§ About this exercise:
For the material below, return exactly the lines starting at the one holding "Andrea Osvart Hot" and ending at the one holding "Oil platforms in", counting both as part of the range.

§ Input material:
■ ■ ■ ■
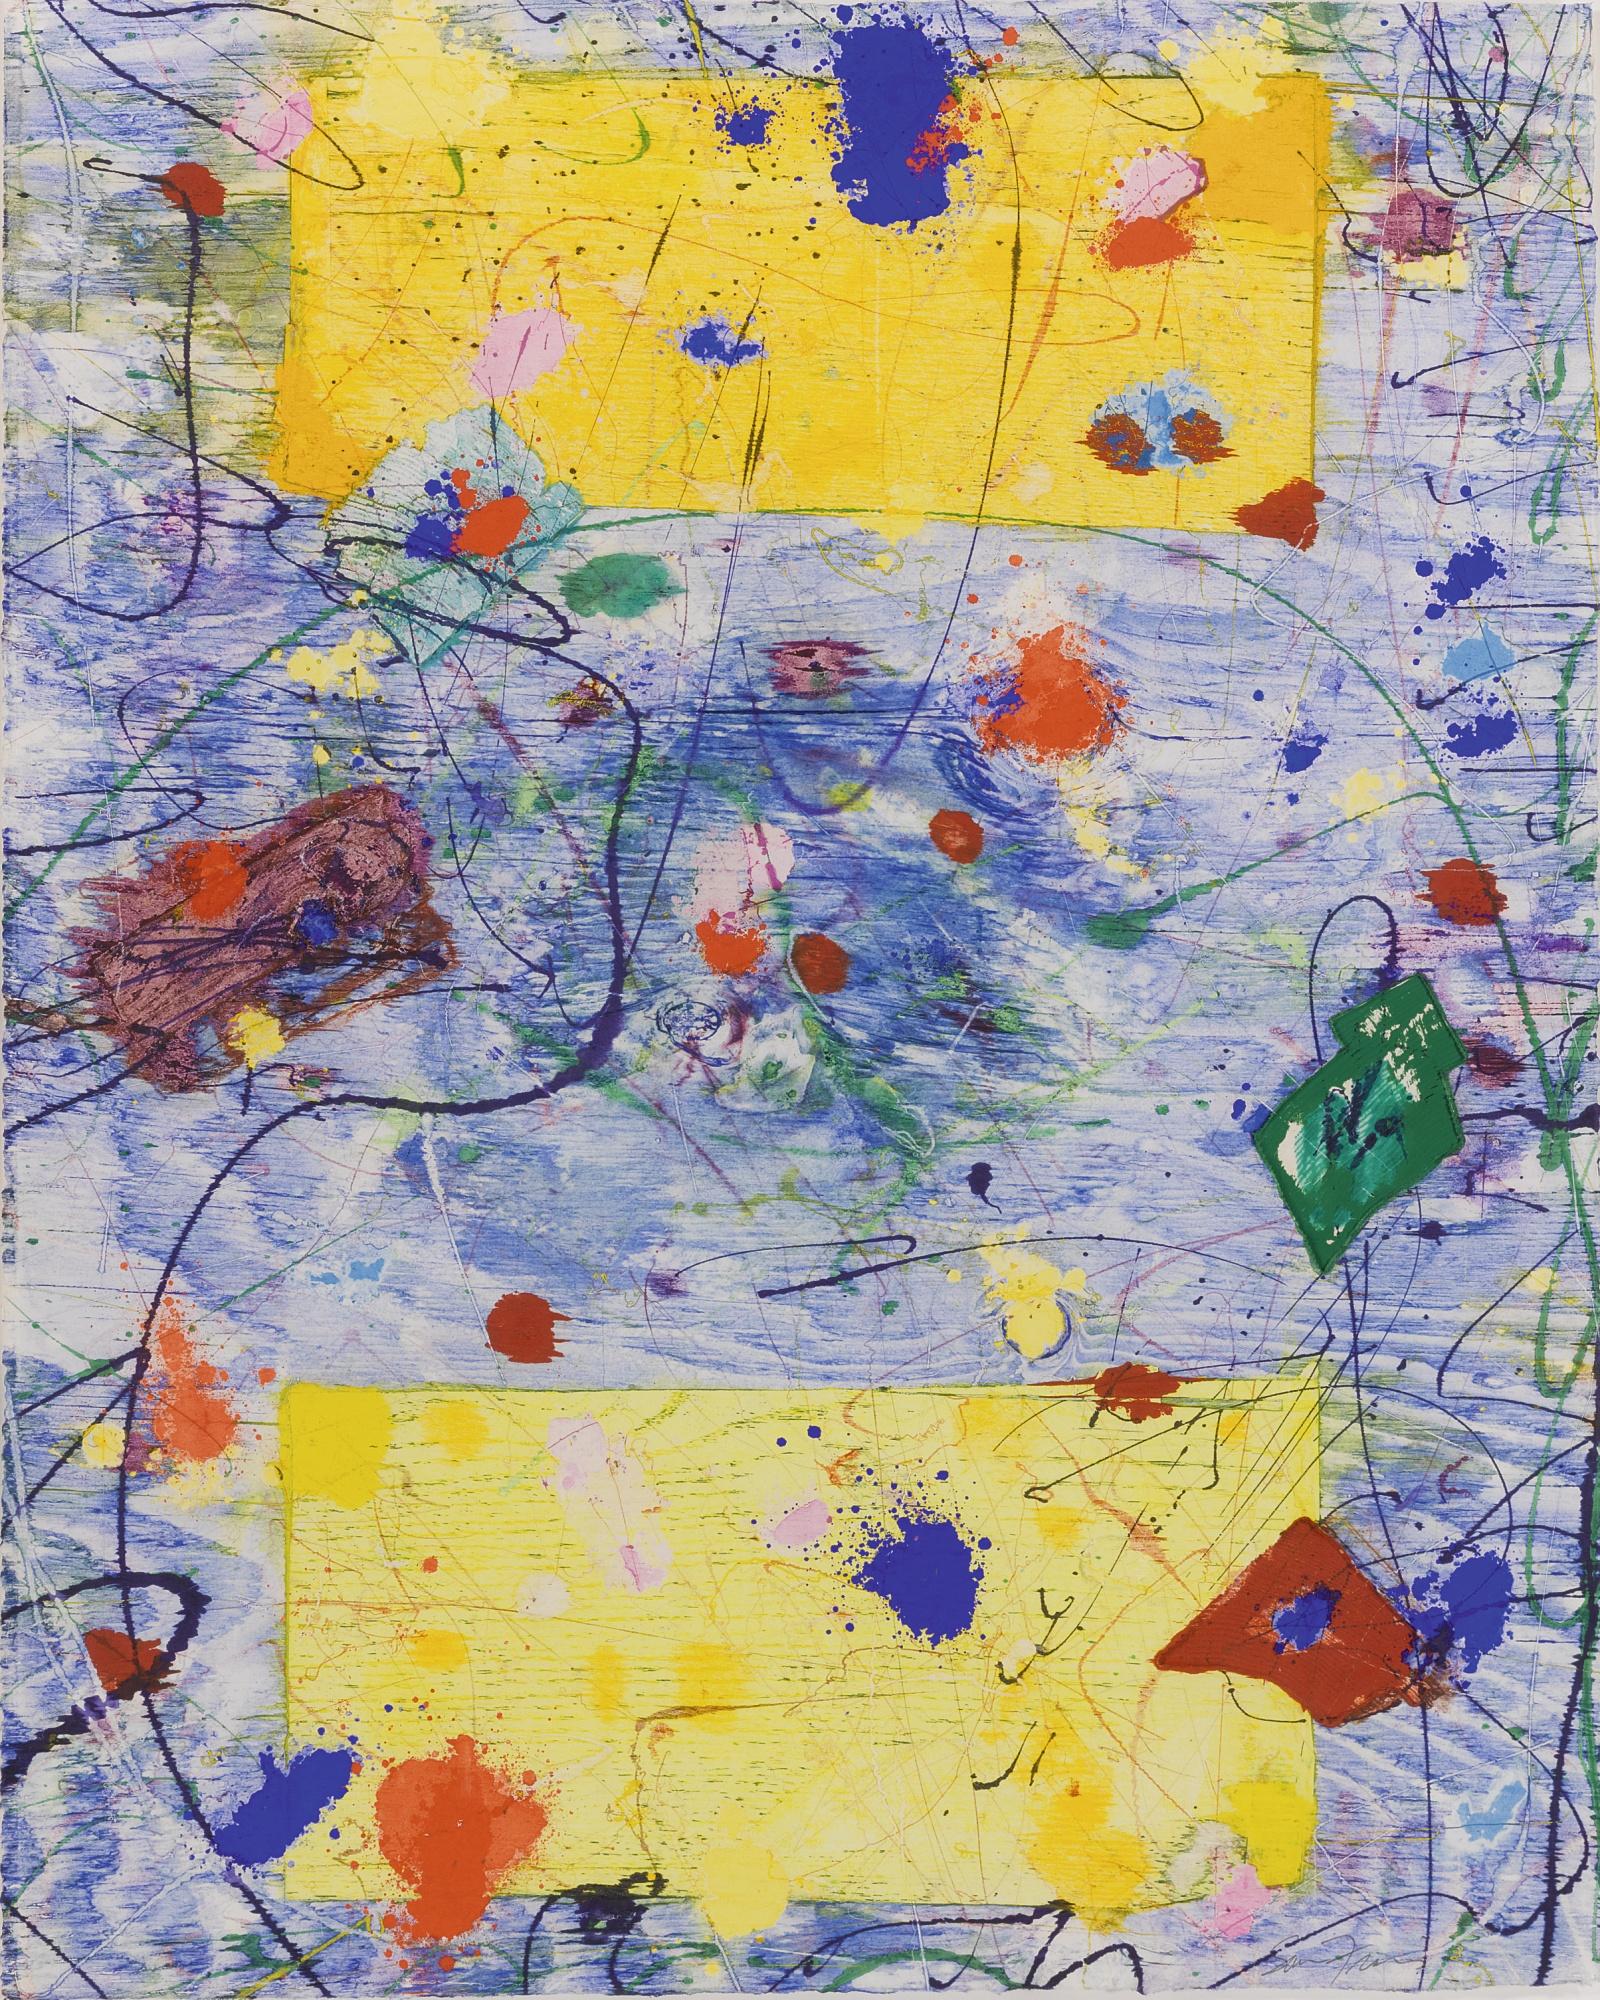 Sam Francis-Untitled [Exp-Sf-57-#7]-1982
■ ■ ■ ■
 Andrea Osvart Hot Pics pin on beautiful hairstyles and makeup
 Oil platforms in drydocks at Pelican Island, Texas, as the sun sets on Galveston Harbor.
■ ■ ■ ■
§ Response to the task:
 Andrea Osvart Hot Pics pin on beautiful hairstyles and makeup
 Oil platforms in drydocks at Pelican Island, Texas, as the sun sets on Galveston Harbor.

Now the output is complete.